Burmese farmers caught in poverty trap

May 13, 2009

Farming communities in Myanmar's Irrawaddy Delta have always followed a cycle of debt. Each year, wealthy landowners would lend farmers money, tools and cattle needed to till the soil. After the harvest, the debt is repaid and the cycle continues.

Farming is important for delta communities. The Irrawaddy Delta produces more rice than any other region in the country. Nearly everyone is employed through rice production or the fishing industry.

So when Cyclone Nargis hit the delta about a year ago, the storm not only destroyed homes, fishing boats and agricultural fields, it destroyed livelihoods.

Nargis was the worst natural disaster Myanmar has ever experienced and racked up about $4 billion in damage. Some say the damage sustained in the Irrawaddy Delta was as bad as the Indian Ocean tsunami. Emergency aid from the UN, the government and NGOs has helped shelter and feed the thousands of survivors but there's still a lot of recovery work to be done.

Today, farmers looking to start over are caught in an incredibly frustrating situation: the wealthy land owners that used to lend money and tools lost everything as well, so now there is nobody to lend. Without cattle, tools and seeds, the farmers have little chance of ever getting ahead. Adding to the situation, prices for crops are down from past years. This leaves farming communities with few options, therefore trapping them in poverty.
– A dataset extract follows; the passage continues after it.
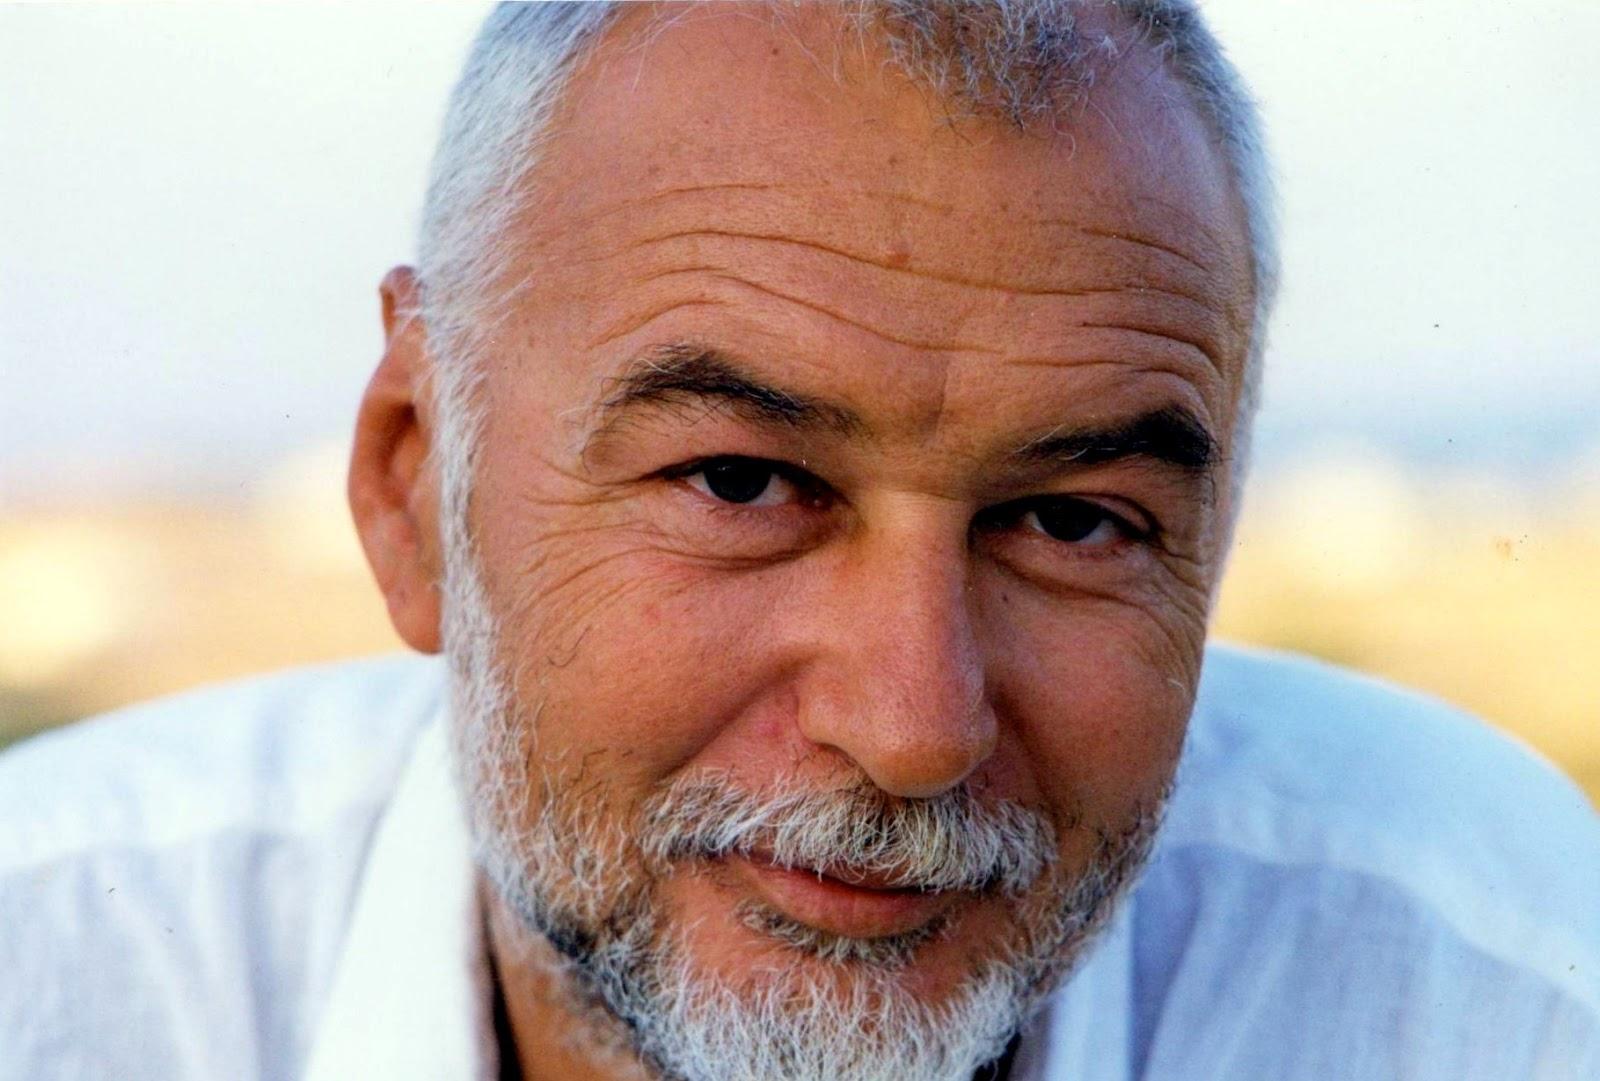 Photo of გარდაიცვალა გამოჩენილი ბერძენი კომპოზიტორი გიორგოს ზიკასი

I first learned about this debt trap in the Al Jazeera video below. The situation is so heartbreaking, but also too common in poverty-stricken communities. Mercy Corps has helped more than 7,000 families rebuild their rice paddies in the delta. We've also given more than 25,000 people small grants to help them earn an income, which in turn helps restart the local economy and helps free these communities from the cycle of debt.